[Items listed in a dataset]
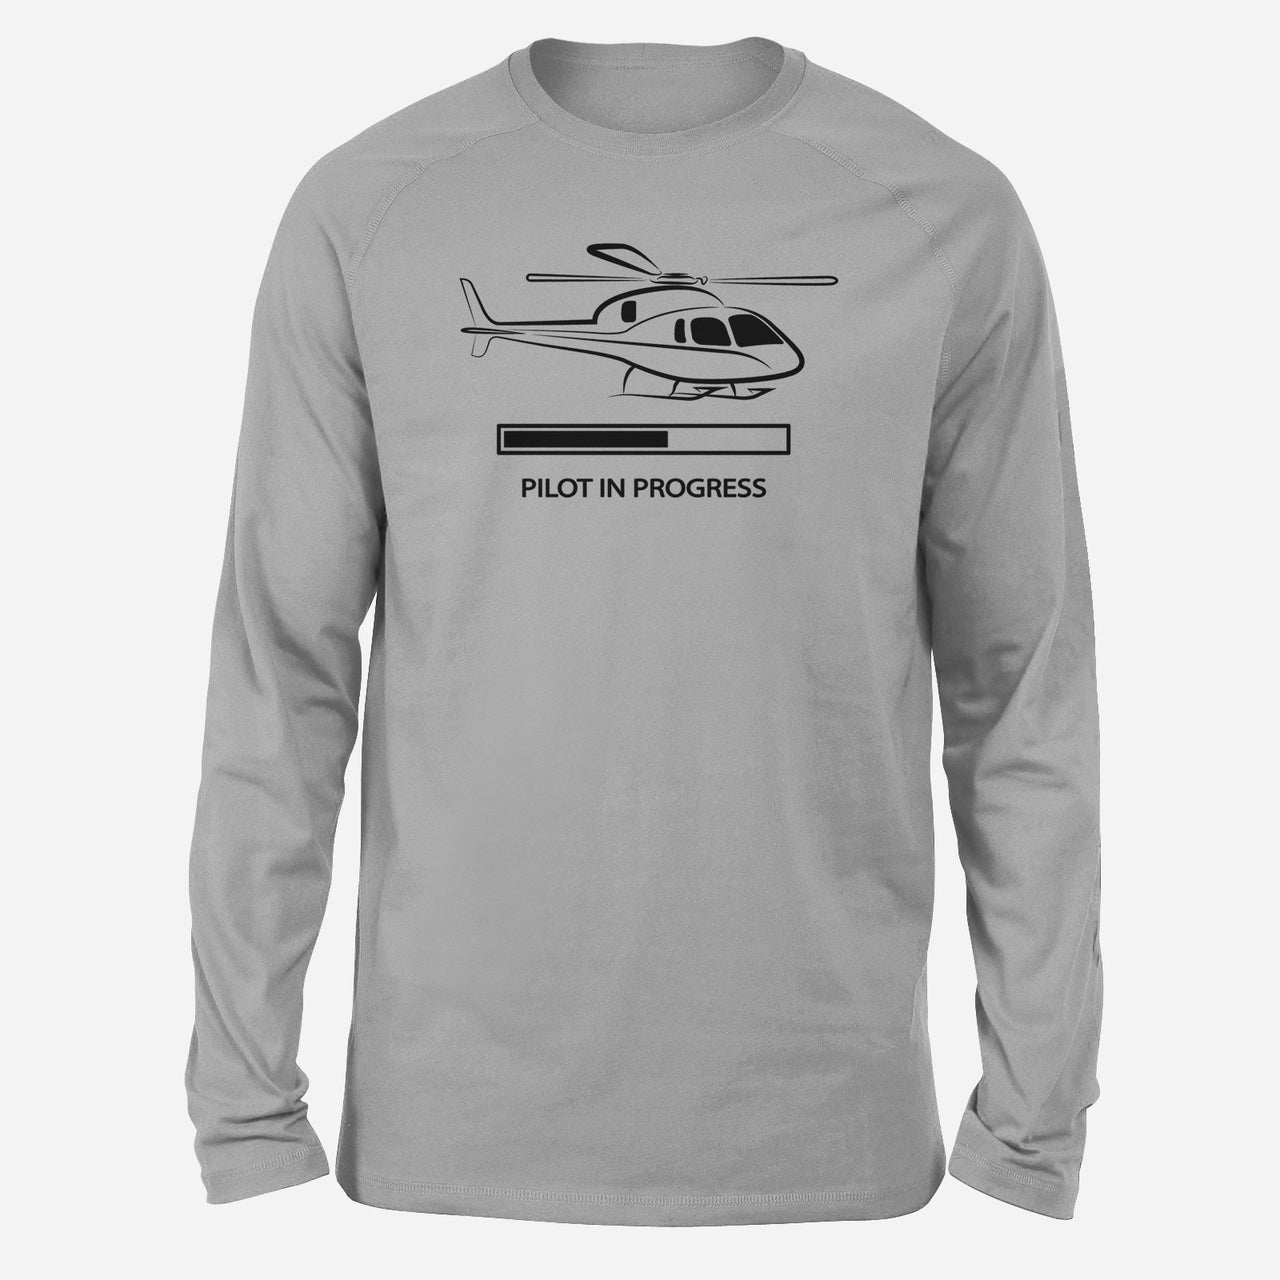 Pilot In Progress (Helicopter) Designed Long-Sleeve T-Shirts
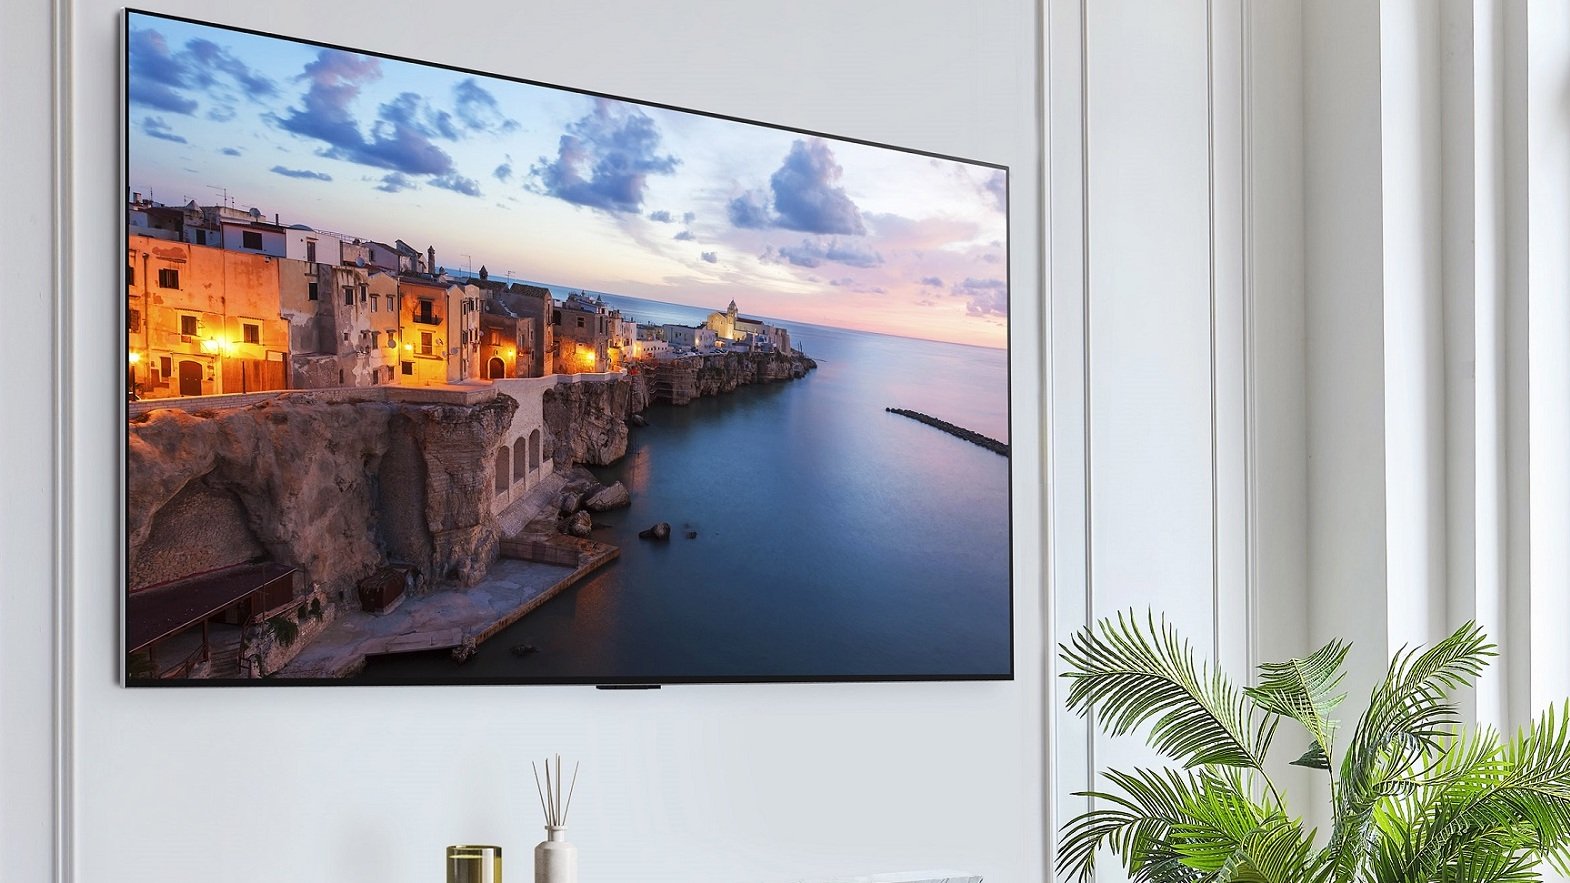 A panel LG G3 OLED TV hanging on the wall in a living room
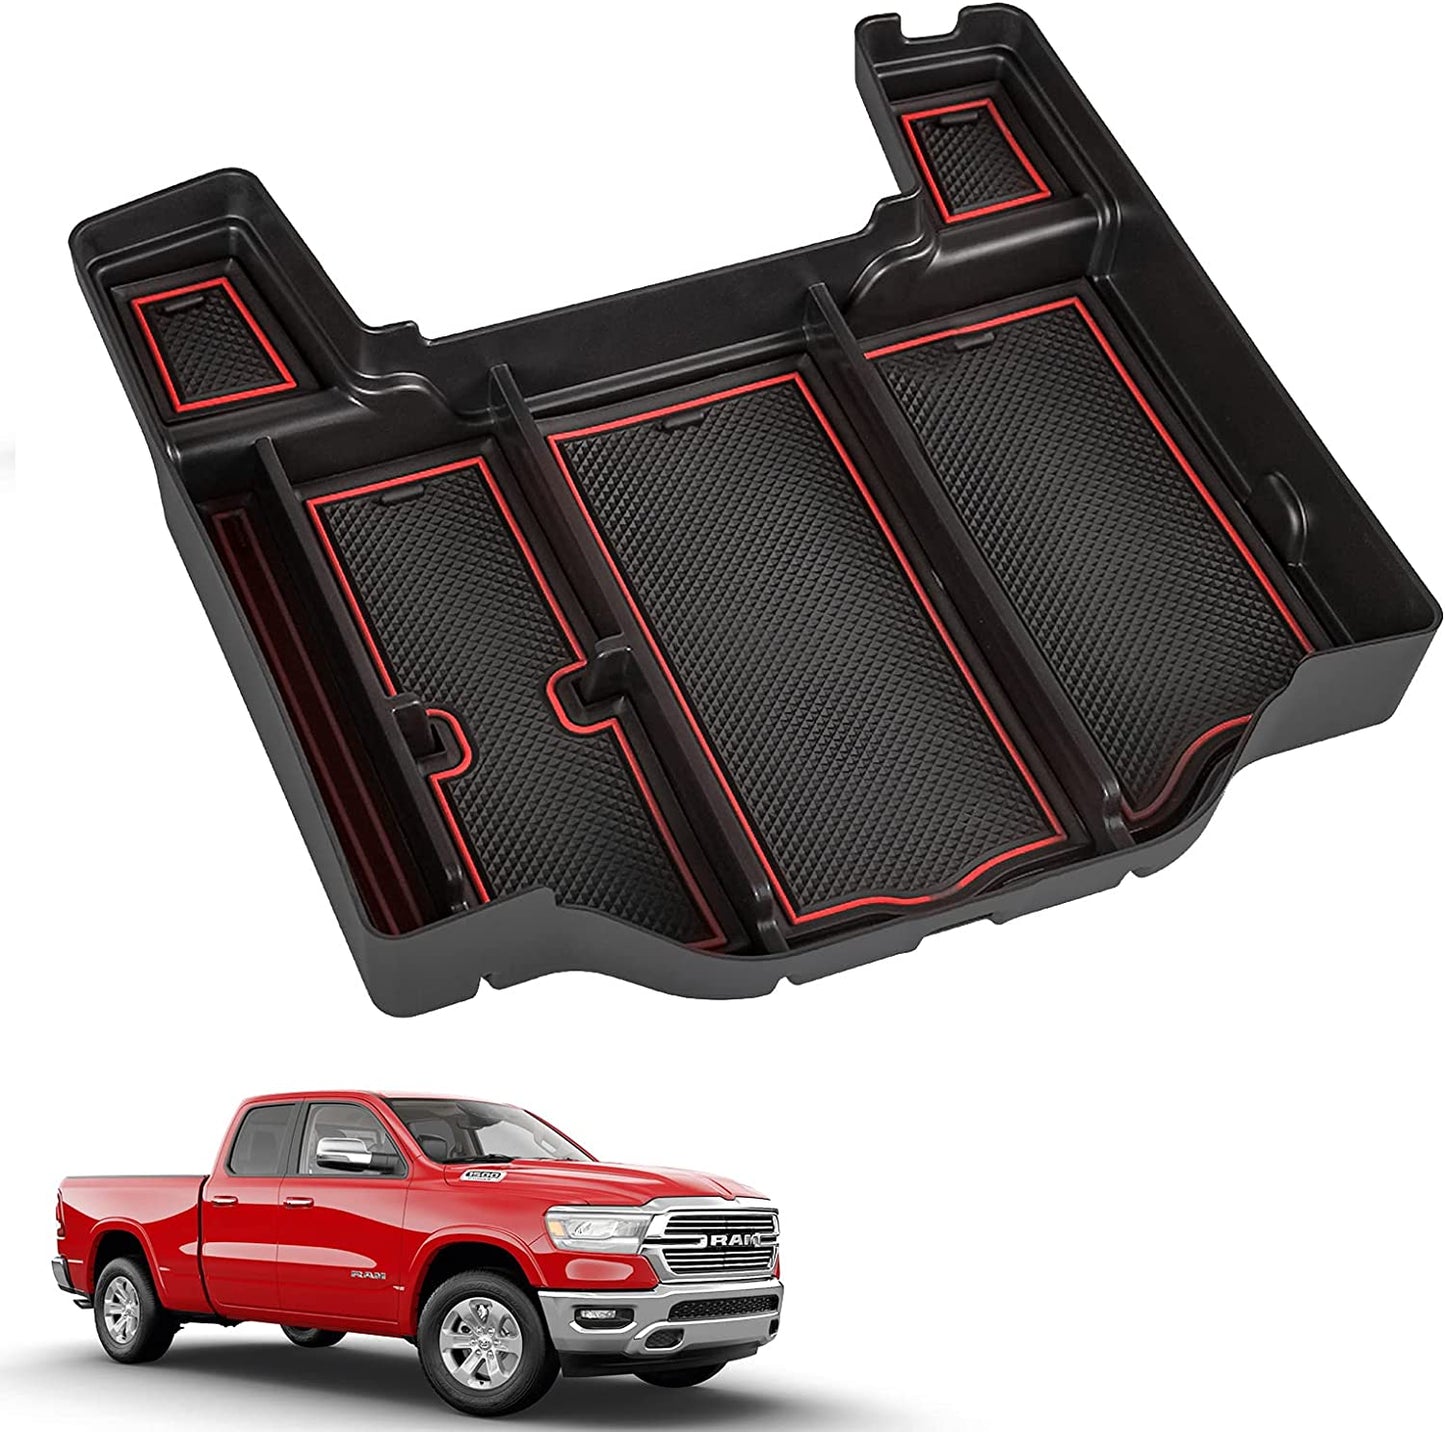 Upgraded Center Console Organizer Tray for 2019-2023 Dodge RAM 1500 2500 3500
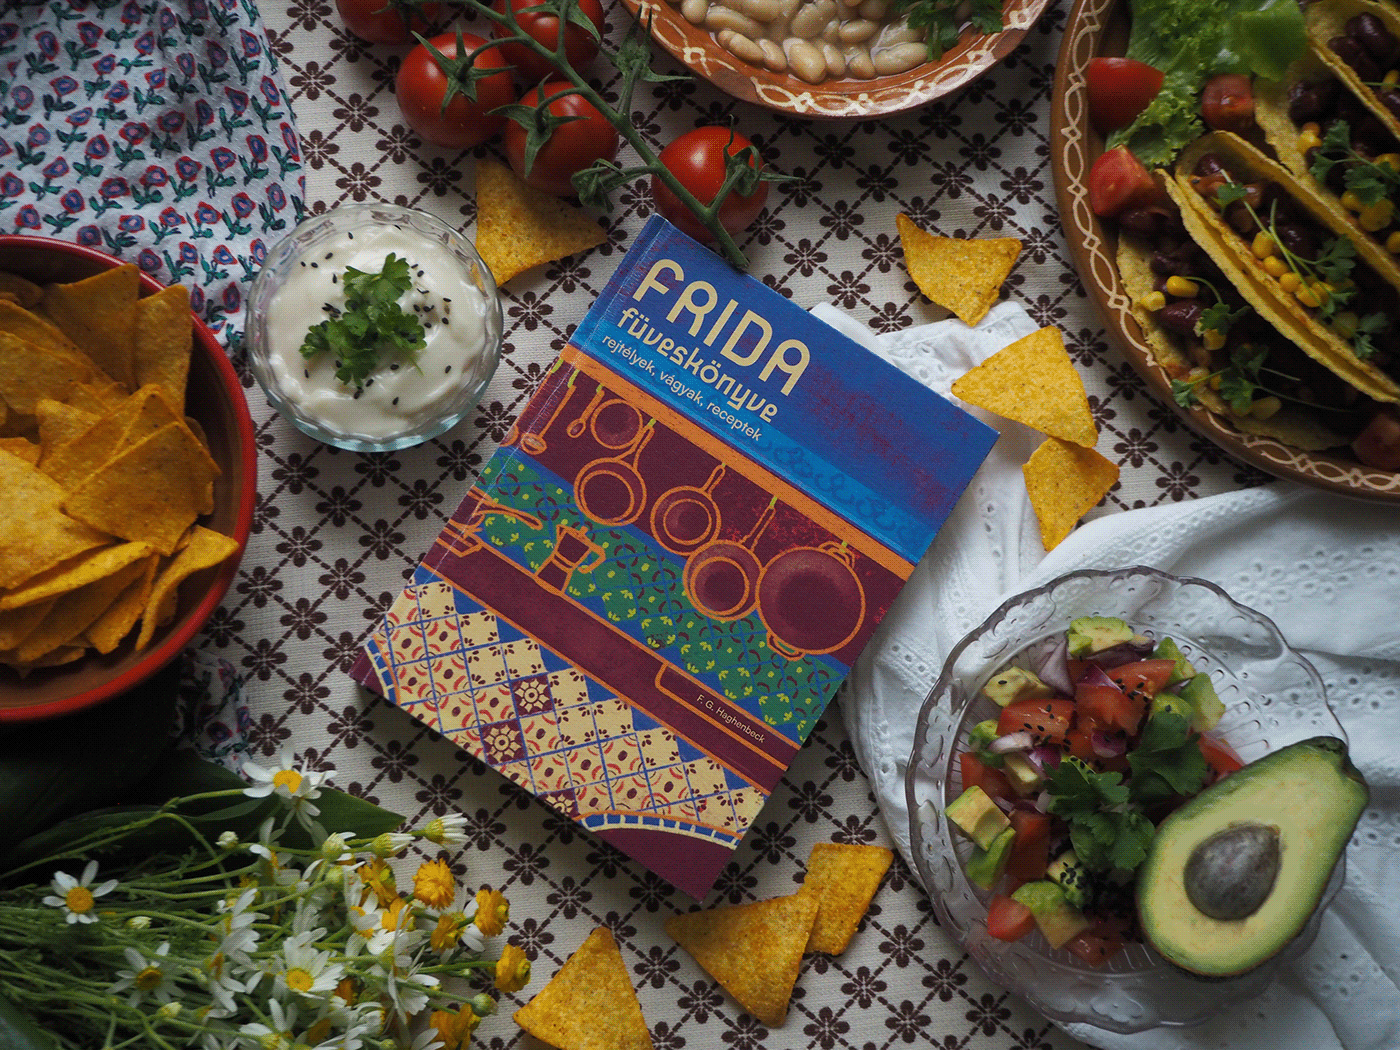 Frida Kahlo mexico book graphicdesign colorful food photography foodillustration
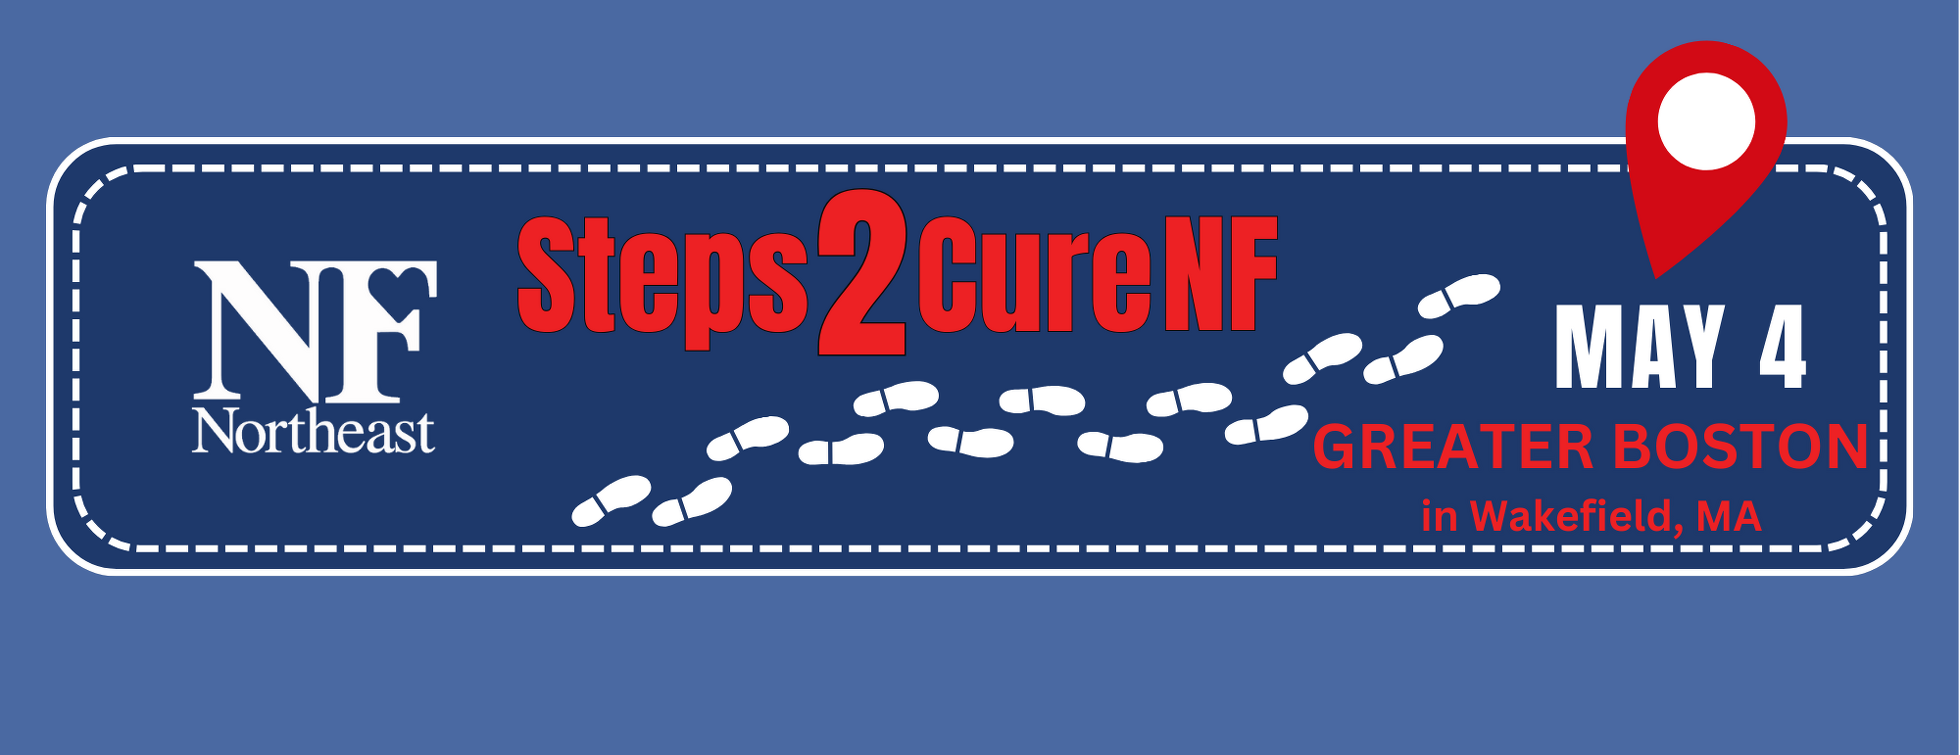 Steps2Cure NF - Greater Boston
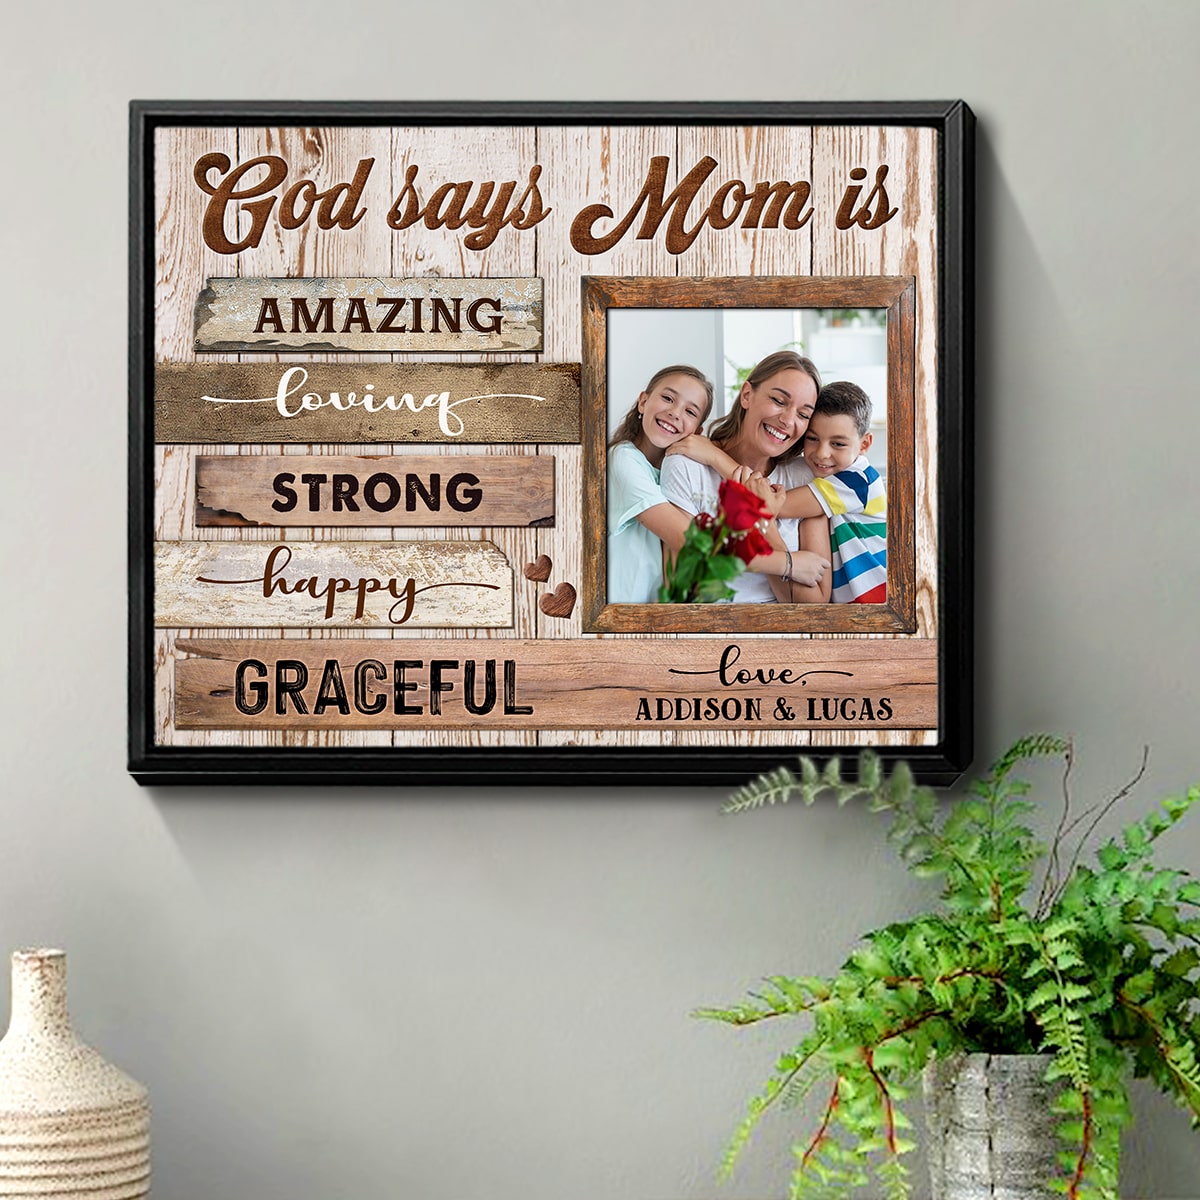 https://images.ohcanvas.com/ohcanvas_com/2023/02/20022939/mothers-day-gift-idea-best-gift-for-mom-with-amazing-quote-01.jpg

• **WHAT THE TASK REQUIRES**:
A word-for-word copy of the records is needed, one that contains no pictures.

• **COMPLETED EXERCISE**:
 Pilot In Progress (Helicopter) Designed Long-Sleeve T-Shirts
 A panel LG G3 OLED TV hanging on the wall in a living room
 Upgraded Center Console Organizer Tray for 2019-2023 Dodge RAM 1500 2500 3500
 Frida Kahlo mexico book graphicdesign colorful food photography foodillustration
 Steps2Cure NF - Greater Boston
 https://images.ohcanvas.com/ohcanvas_com/2023/02/20022939/mothers-day-gift-idea-best-gift-for-mom-with-amazing-quote-01.jpg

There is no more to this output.